Lawbreakers on the Loose
His small gesture did lift my spirits in a time of great tensions and anxieties. To live near a forest where we can enjoy the early spring days to our hearts’ content is a privilege we have never valued as much as we do now. But walking through the narrow streets of Spoleto on my way to the post office, the deadly silence and emptiness gave me a sense of postapocalyptic dread. I spotted a mother with her small son doing neck gymnastics on their tiny balcony, carefully rolling their heads round and round, round and round. A woman on the next balcony over was absorbed in stretching exercises. No one took notice of me, walking swiftly down the alley with two letters in my hands. But friends have told me many stories of getting violently verbally abused from windows for making a short trip around the block. On social media, people are venting their anger about irresponsible people that are out and about, purportedly putting the lives of hard-working medical personnel at risk. And just as I write this the Italian sports minister announces, that “on the advice of the scientific community, we had allowed people to go for exercise outside, but too many people are on the streets so we may have to forbid it.”

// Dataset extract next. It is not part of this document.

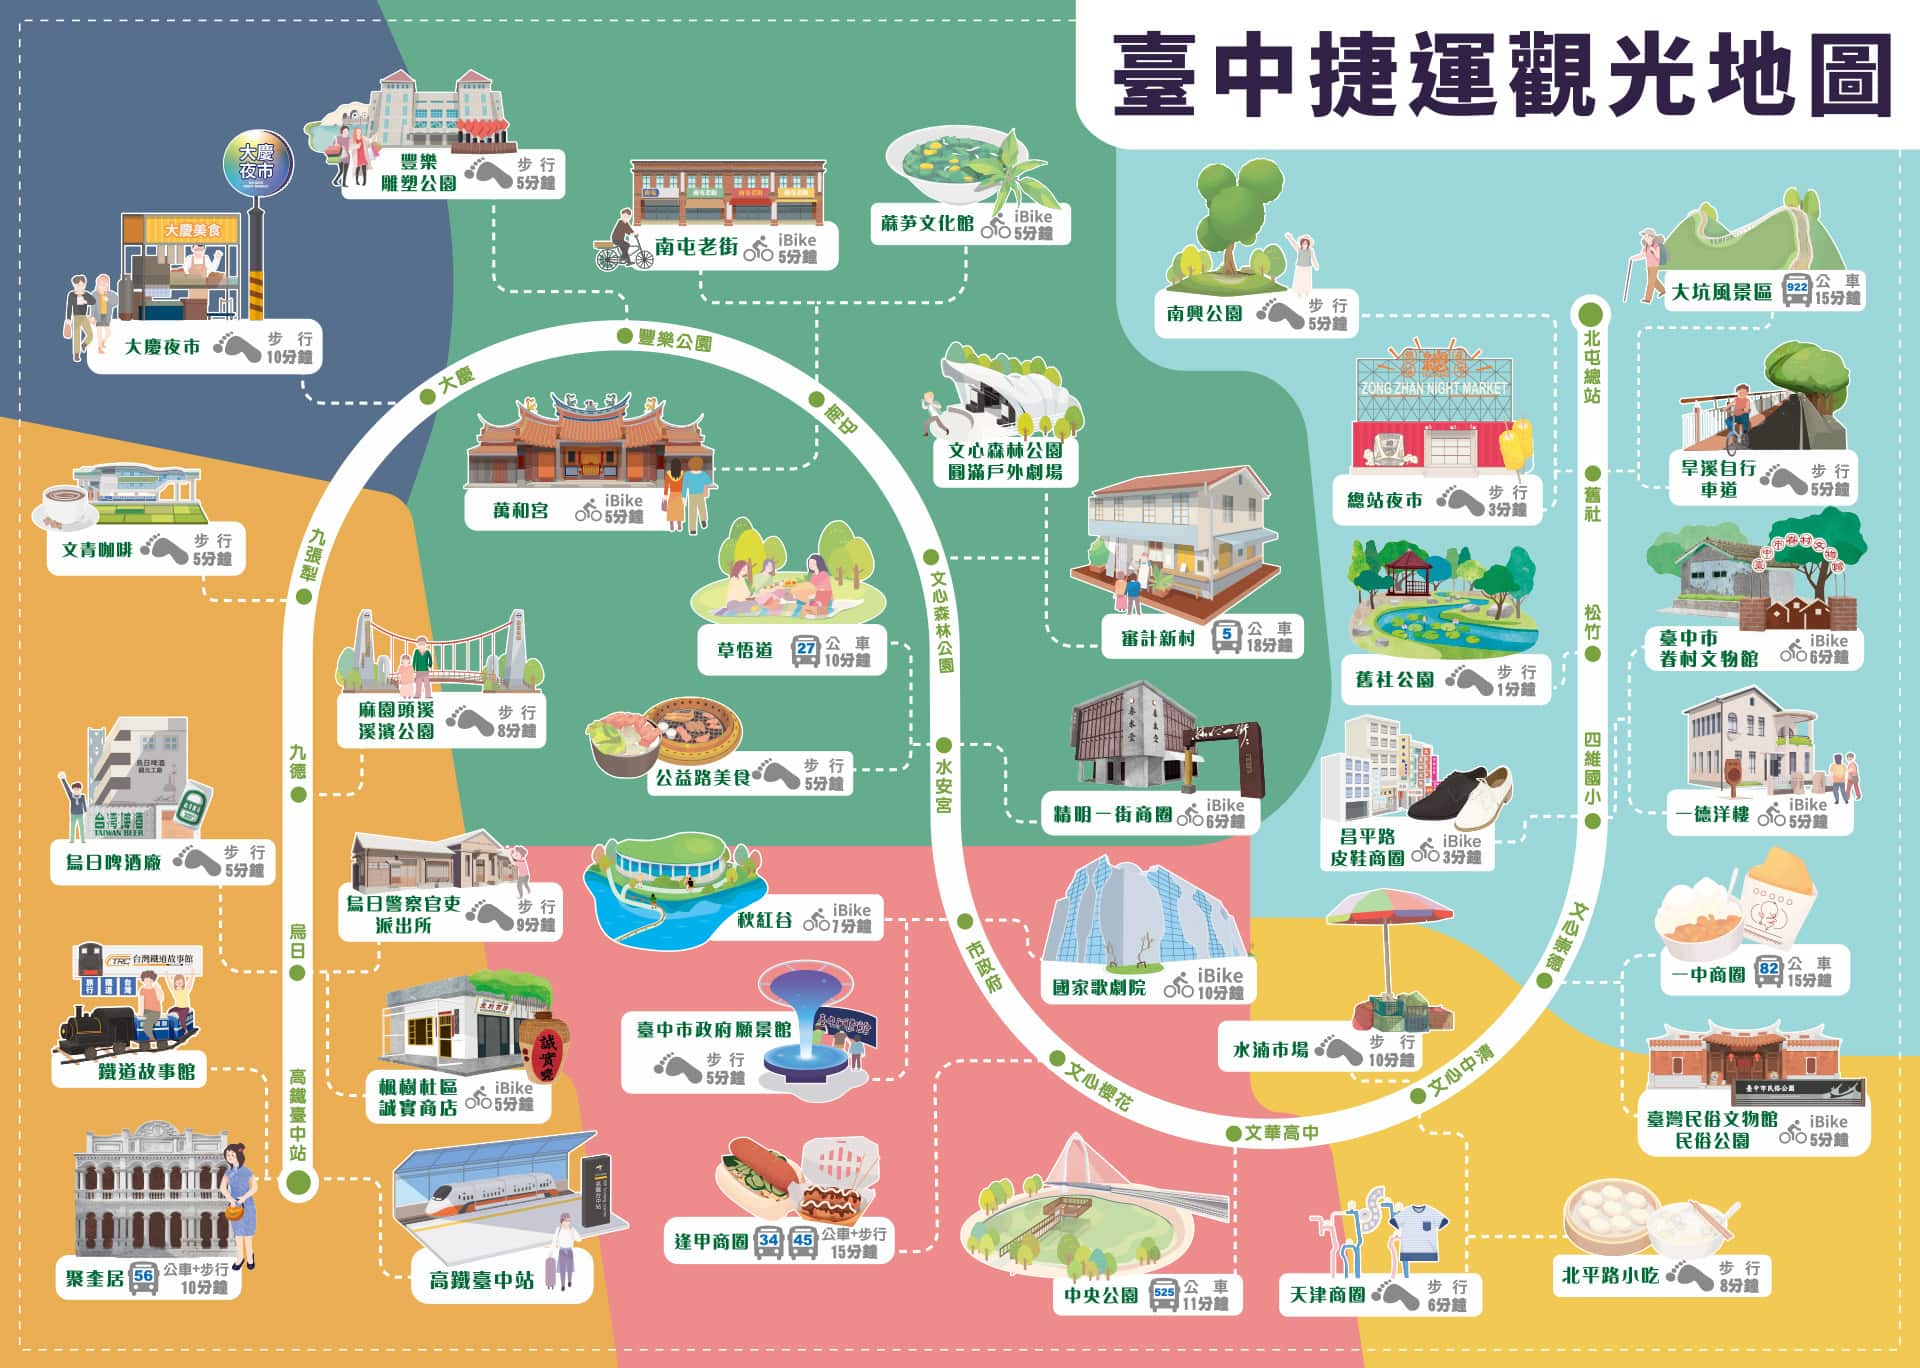 臺中捷運觀光地圖
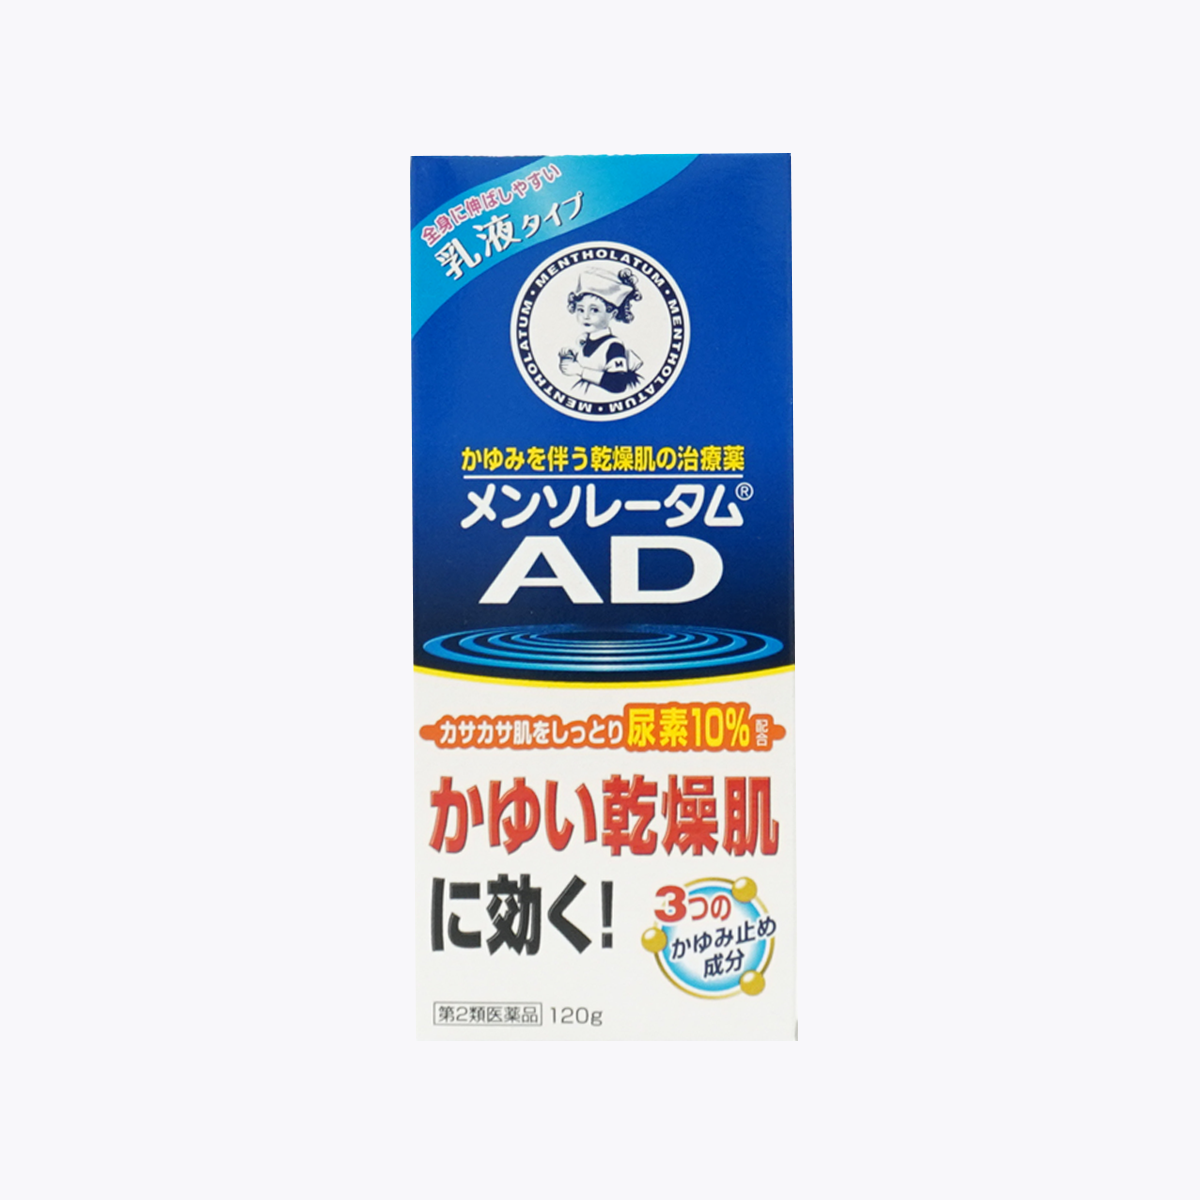 【第二類医薬品】メンソレータム AD乳液 120g

But what if the draconian rules established for extremely densely populated cityscapes in China, are unnecessary at best and potentially life-threatening at worst in relatively sparsely populated areas like ours? The German virologist Christian Drosten explicitly said that, contrary to some other diseases, the COVID-19 virus is not airborne. Once it’s coughed out, it drops to the ground and doesn’t hover about in a cloud for hours. The best protection against the virus according to him? Outdoor activities, as long as you keep the proscribed safety distance. He also maintains that lack of cardiovascular health will make fighting illnesses like COVID-19 harder and potentially increase mortality.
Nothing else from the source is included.